= Beginning of Section =

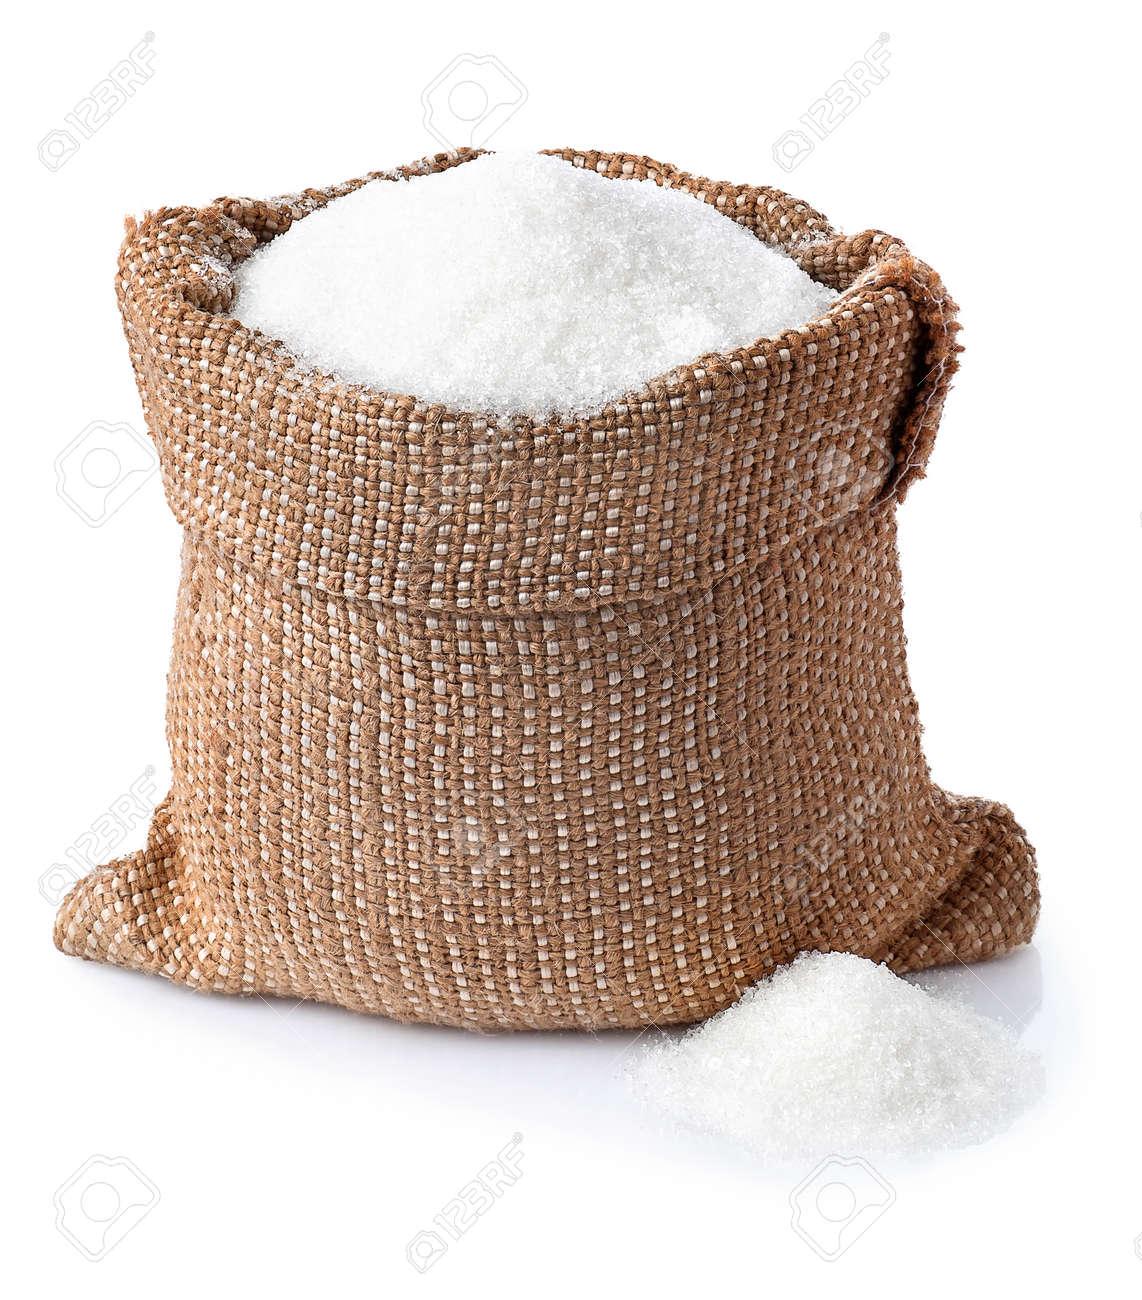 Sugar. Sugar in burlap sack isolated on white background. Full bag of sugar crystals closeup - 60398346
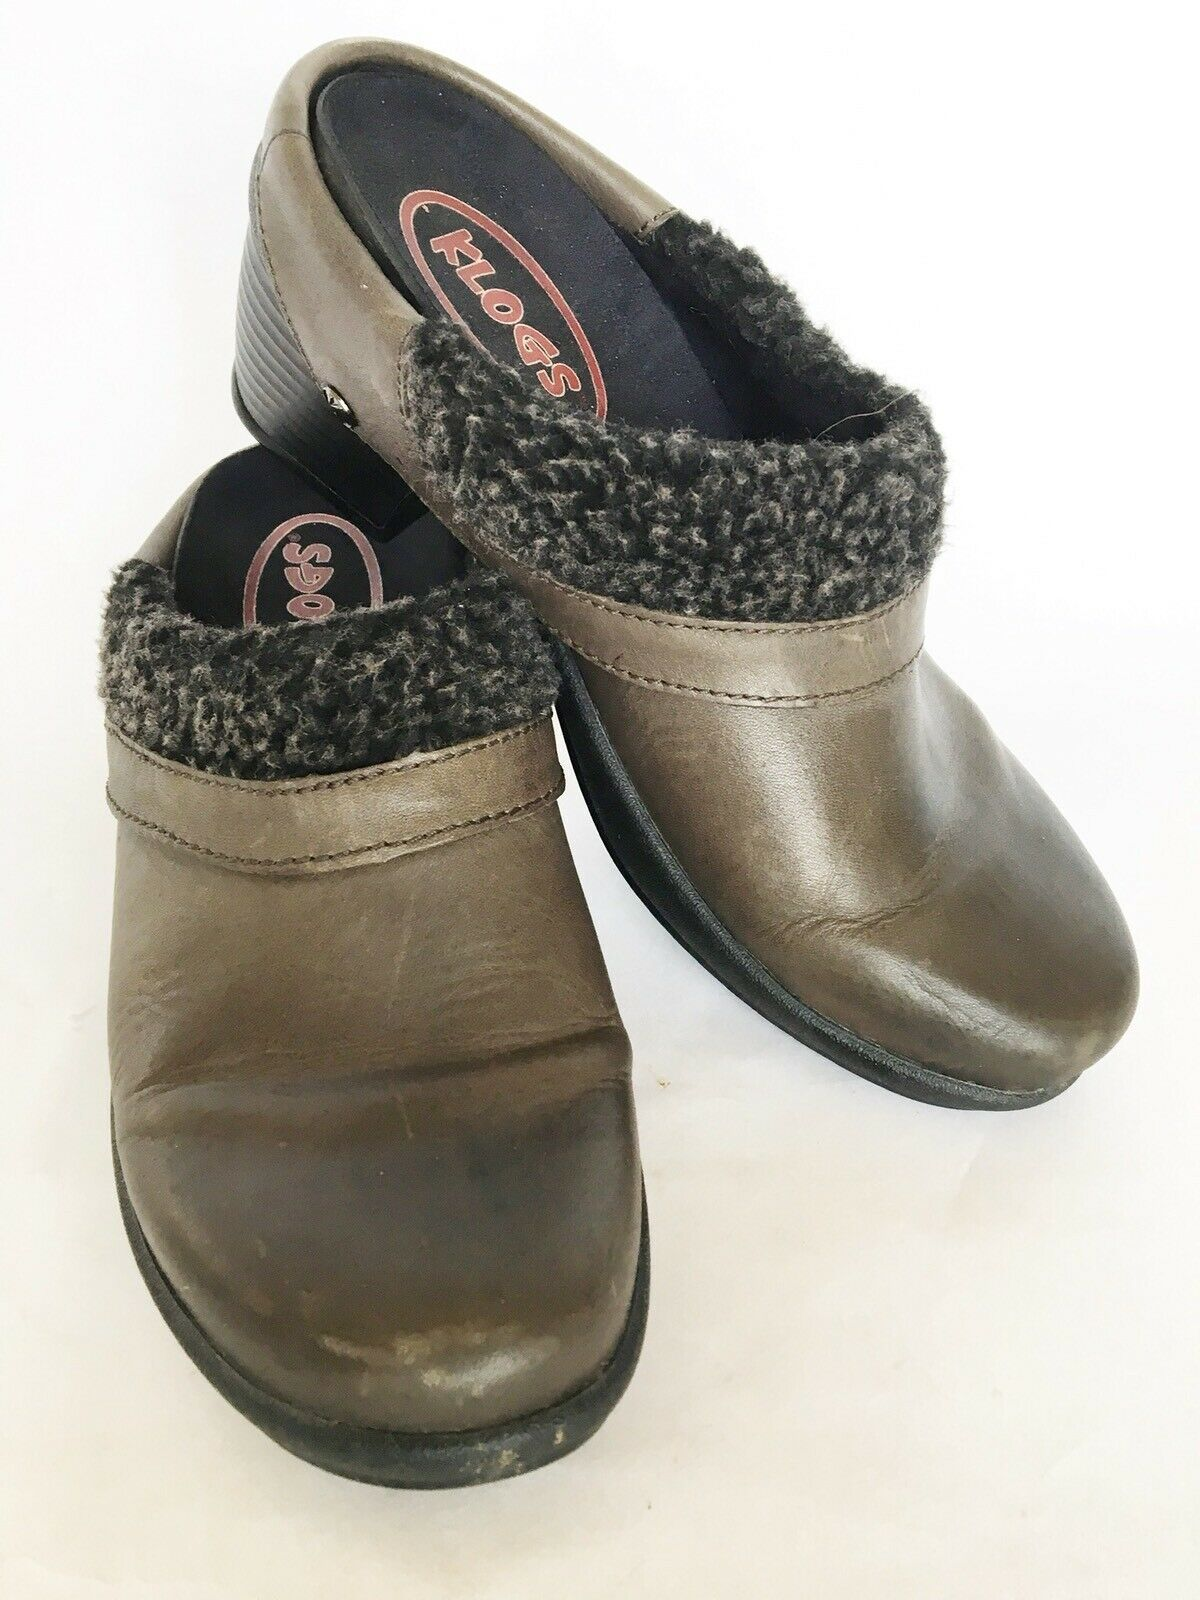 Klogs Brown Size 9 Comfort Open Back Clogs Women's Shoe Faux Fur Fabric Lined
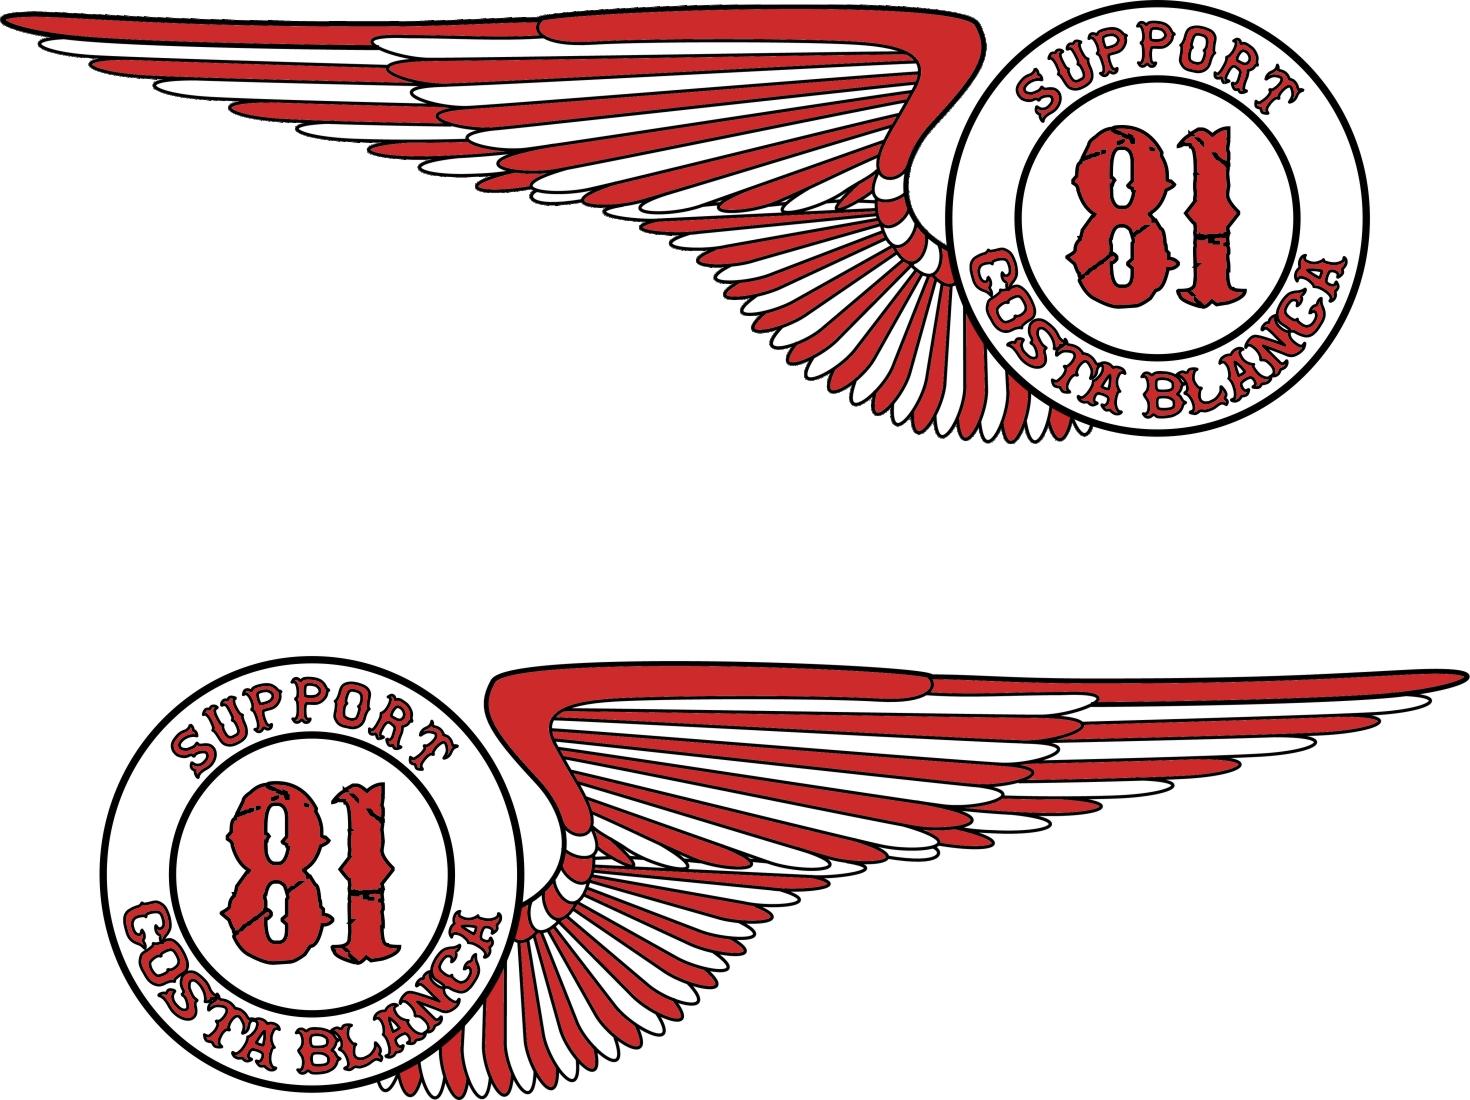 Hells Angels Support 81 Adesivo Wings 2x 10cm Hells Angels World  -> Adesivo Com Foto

= End of Section =

TASK STATEMENT -
Without the images, write out each line of the data verbatim.

RESPONSE AREA -
 Sugar. Sugar in burlap sack isolated on white background. Full bag of sugar crystals closeup - 60398346
 Klogs Brown Size 9 Comfort Open Back Clogs Women's Shoe Faux Fur Fabric Lined
 Hells Angels Support 81 Adesivo Wings 2x 10cm Hells Angels World  -> Adesivo Com Foto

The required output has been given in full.